Quote: Originally Posted By crickett13 on 2/25/2010
1) Avoid trading early on. For some people trading is one of the most fun parts of the game but untill you understand the ratings system avoid it.
2) If you feel you must consider trading Do not accept any unsolicited trades without putting the player on the trade block and mentioning in the world chat that you may be willing to trade the player. If someone offers a newbie an unsoliceited trade there is a 99.8% chance their intentions are not good.
3) Find out what owners do not hate coach hiring. There is a reason they don't hate it. Ask them why.
4) Understand that ratings work together. For instance a 99 power does not mean that a player should hit a lot of home runs. If other ratings are low it could just mean that he hits a lot of really impresive Pop ups.
5) Total ratings do not mean much at all untill you understand the game better so do not use them for now. You can have a starting pitcher with an 81 total who is garbage and a closer with a 68 total who is a stud.

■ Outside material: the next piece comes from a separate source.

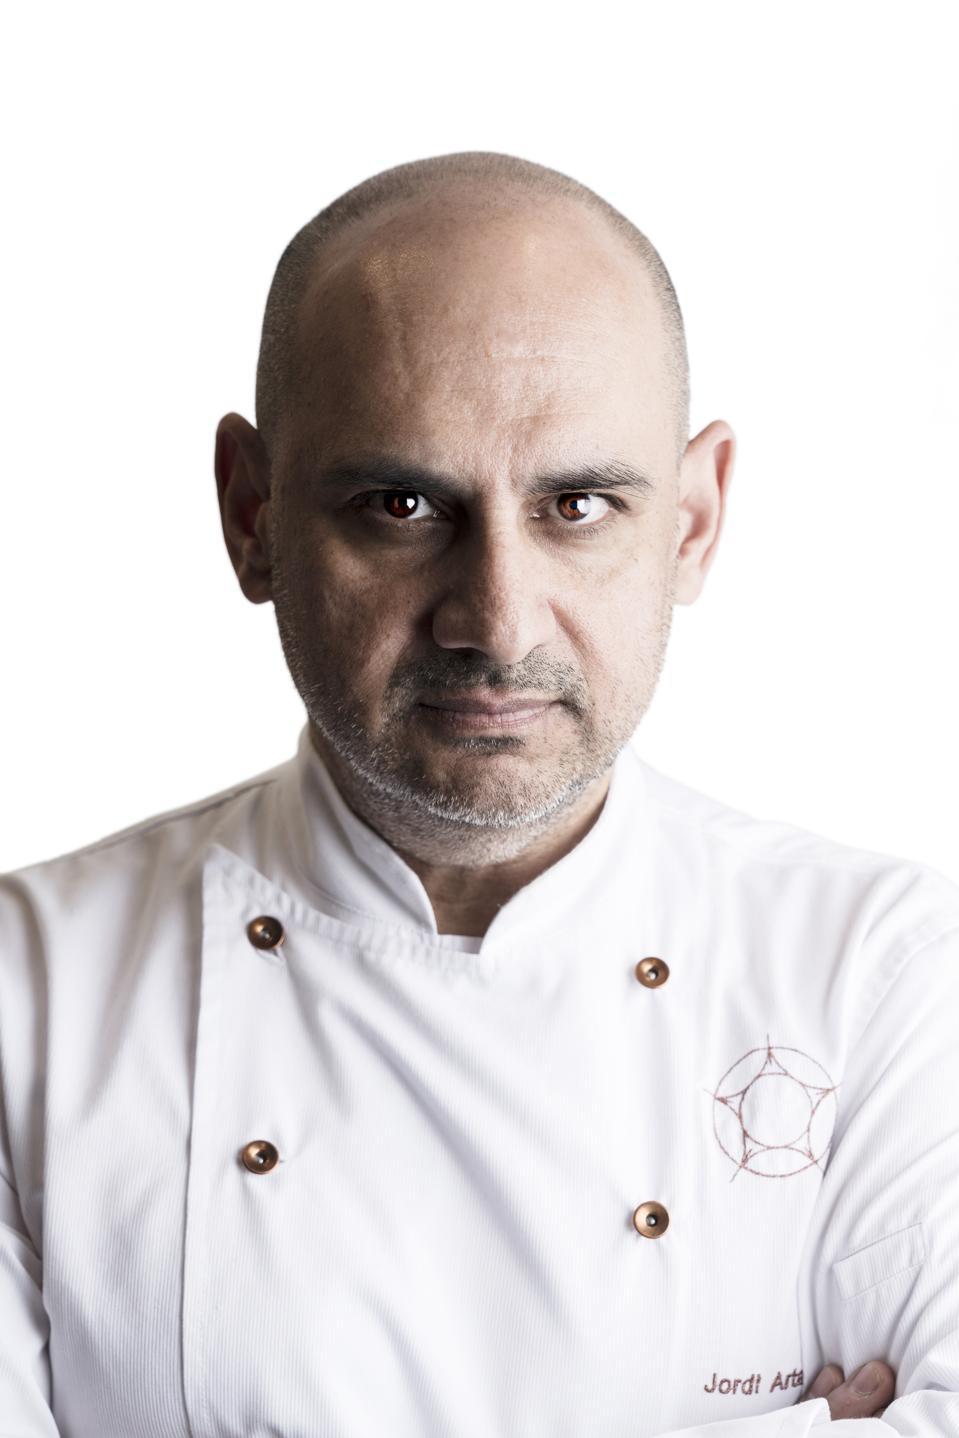 Portrait of Chef Jordi Artal

To me, this one is the low hanging fruit. If you put a guy on the market, and multiple owners are making offers to you, then market forces dictate that you will get good offers (especially through counteroffering and letting them know that you have multiple offers). Even if you aren't comfortable with the ratings and don't know which one to pick, you're unlikely to get totally fleeced. I also like the idea, if you must trade, of identifying guys you want, and then going and getting them. Even if you overpay a little, the worst case scenario is you overpayed for something you wanted that has value to you.
4 more things:
1) OVRs mean little, and they mean
nothing when comparing players at different positions. A 70 OVR C or DH could be a 3-time MVP/surefire HOFer. A 70 OVR SS either can't hit at all or can't field the SS position (or both). This is the sort of stuff that takes time to learn.
2) A player's correct defensive position is determined by his 4 key defensive ratings (range, glove, arm strength, arm acc), not by what is listed. Find the positional recs, print them out, and for a while, have them at hand. This is especially valluable if the guy who owned your club before you wasn't big on asigning correct positions to his minor league prospects. It makes a big difference when you realize that that no-hit, high-OVR Right Field prospect is really a 3B or maybe a SS, and his bat really plays at those positions. It also is very helpful in FA- you need to avoid paying good money for the aging SS whose defense no longer merits the SS label at all.
3) Max out Advanced Scouting. There are 4 types of scouting budgets. With a new team you will start at $10m for each, and can move each up to $4m in either direction each season. The min is $0 and the max is $20m. The 4 types of scouting are High School, College, International, and Advanced. The first 3 are types of Amateur scouting, and I won't get into them. Advanced Scouting yields projections for professional players under age 27 (yours and other teams'). Eventually, you'll be able to figure out what a young player will look like fully developed, and you'll cut this budget to save money. At first, you need projections, and you need them to be as good as possible. In your first season, that means $14m Advanced Scouting. Then understand these 2 things about the projections you see: (a) If a guy has stopped improving year-over-year, or you can see 4 Spring Trainings on his player card, he's done improving and ignore the projections, and (b) At $14m, your projections will be decent but not great, and good prospects may look like star prospects and vice versa.
4) Inintial Free Agent demands will drop by well over 50% between the opening of FA and the middle of Spring Training for guys who are not getting offers at their initial asking price. And there will still be some usefull mid-back of the roster guys to be had. You don't have to have every roster slot set in stone by the end of FA/Rule 5. In fact you probably should always have 1 or 2 open, sometimes more.